A short bus ride outside of town took us to the pilgrimage site of the Bom Jesus do Monte (Good Jesus of the Mount). This is a massive undertaking for a pilgrim. More than 500 steps to be taken – on one’s knees if you’re truly devout – to the church on the hill.

The initial stairway to the sanctuary. It’s a lot of stairs. Photo by T.

Along the way are gazebo-sized chapels that depict scenes – in life size diorama form – from the bible.

One of many chapels that line the passage to the sanctuary. Photo by T.
Inside the gazebo chapels are life sized dioramas, like this one of the Last Supper. Photo by R.

The full ascent is spectacular. If you can’t abide all the steps there’s a funicular that can take you to the top. But if you can manage it, I highly recommend walking it (we used our feet, not our knees).

It’s something of a destination not just for pilgrims. We saw a number of joggers and even a mountain biker:

The main steps to the Bom Jesus do Monte sancturary, with a mountain biker on descent. Photo by R.

Once inside the church there is more splendor to behold. This one isn’t as ornate as some of the others we’ve seen in the country, but it is wonderful in it’s own way.

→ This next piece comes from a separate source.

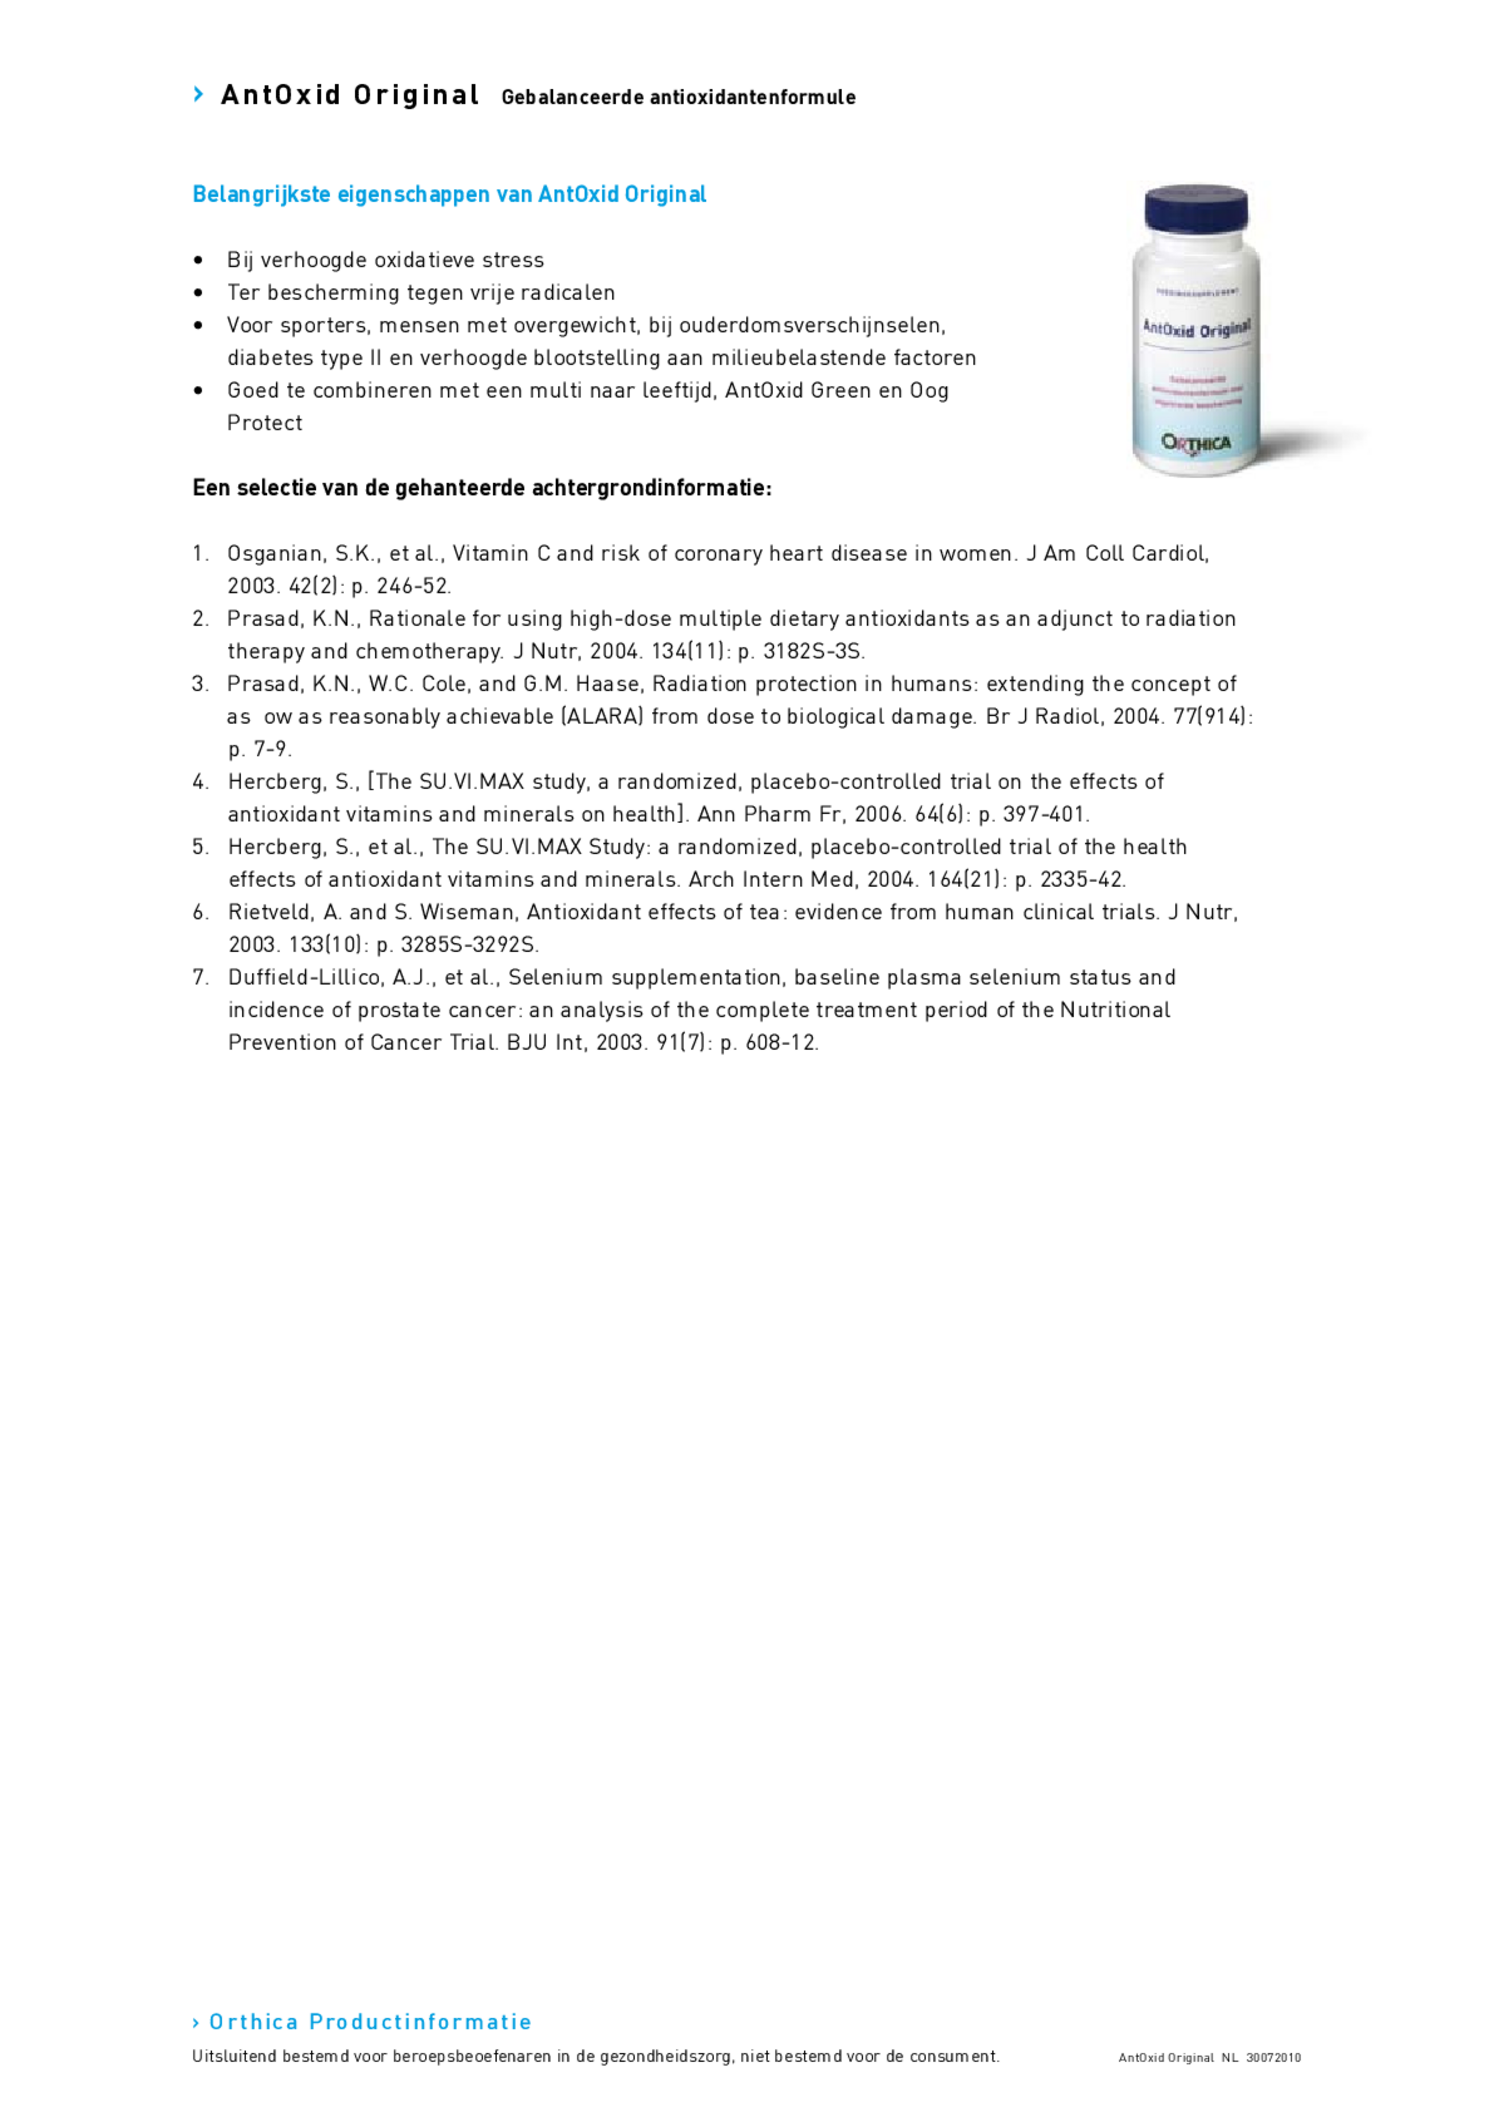 AntOxid Original Tabletten afbeelding van document #2, productonderzoek
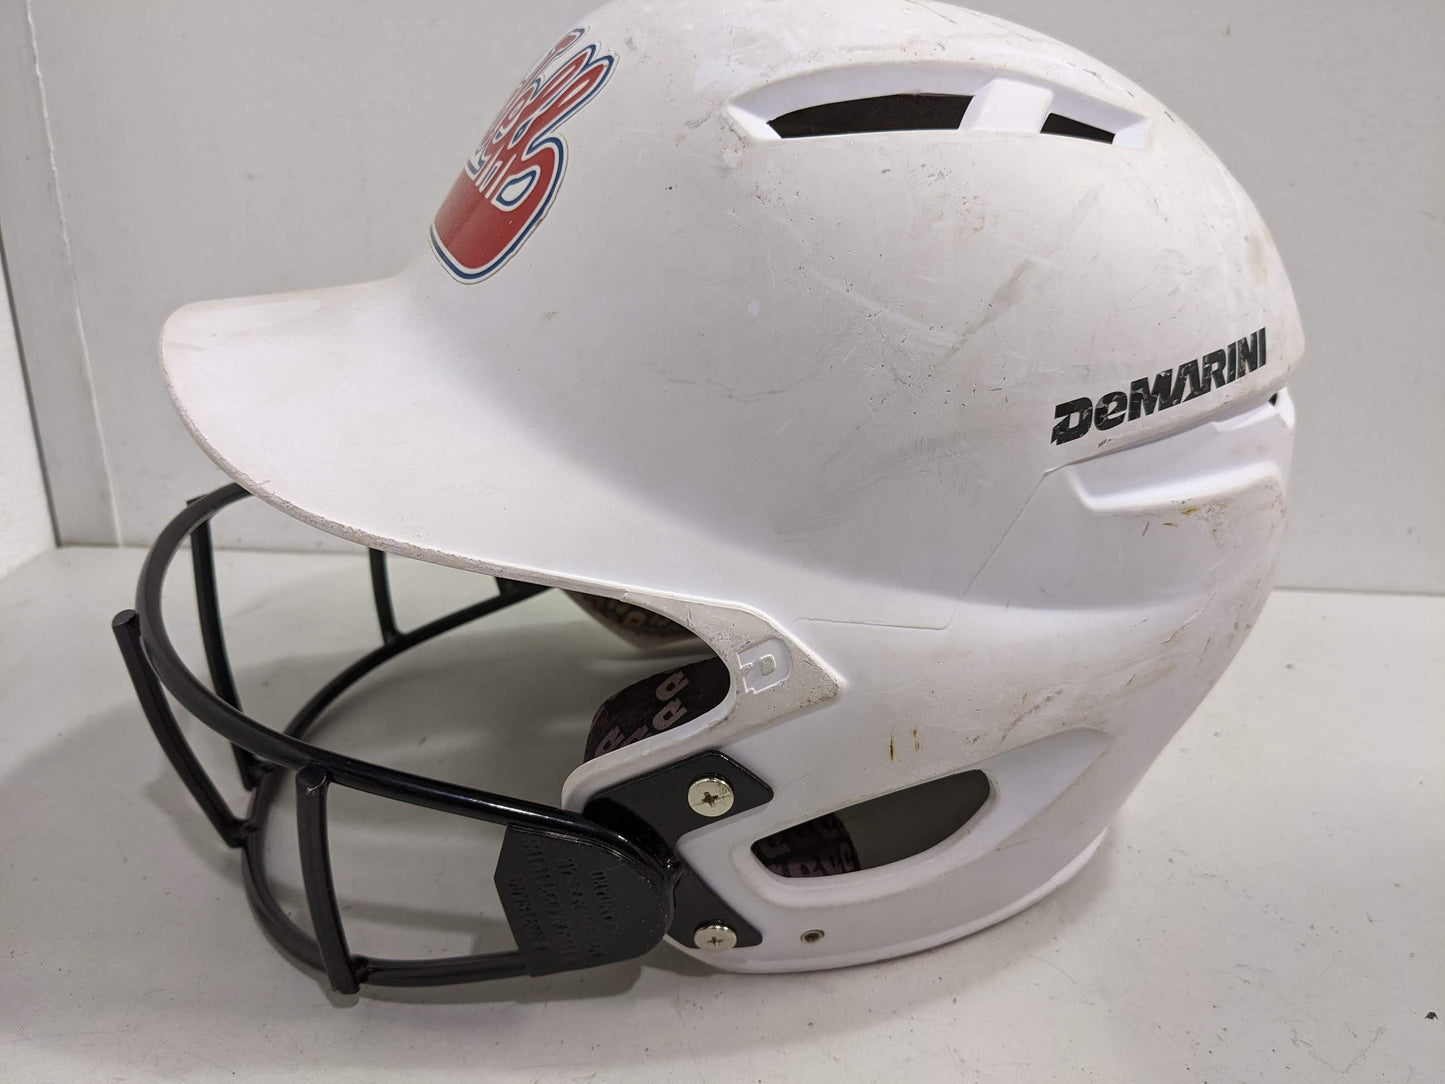 DeMarini West Jeff Baseball Batting Helmet Size Youth White Used Category Locally

The main altar of the Bom Jesus do Monte sanctuary. Rather than gilded wood, it’s more dioramas. Photo by R.

Other than churches…

But that’s not all that’s here. For an adept azulejos hunter there are a number of buildings here with immaculately well-maintained painted tiles.

Painted tiles on a museum in Braga. Photo by T.

Also, given the Roman roots of the city there are surprising ruins to be found. Not nearly as jaw dropping as you’ll see in other countries like Italy or Turkey, but they are still great.

An active archaeological dig site of Roman baths. They’ve found an amphitheater nearby too. Photo by T.

Where we stayed

For the larger cities we have found that booking a room through AirBnB is a better value than a hotel. The space may be cramped, but the beds are a lot more comfortable in someone’s home than they are in a hotel. Our hostess, Maria, was a warm and generous woman with two grown sons and one grandson (“my diamonds”). Her dream is to travel to California to see Mt. Shasta. Having been there myself a number of times, I can’t blame her. It’s beautiful.

We told her a little about where we wanted to travel – Morocco, Jordan, Oman – and she beamed at all of them, said they were beautiful. I said we weren’t sure how safe it would be for Americans, what with our leaders not always getting along with their leaders.

She rolled her eyes in disgust, and then, batting the word away with both hands she said, “Leaders.”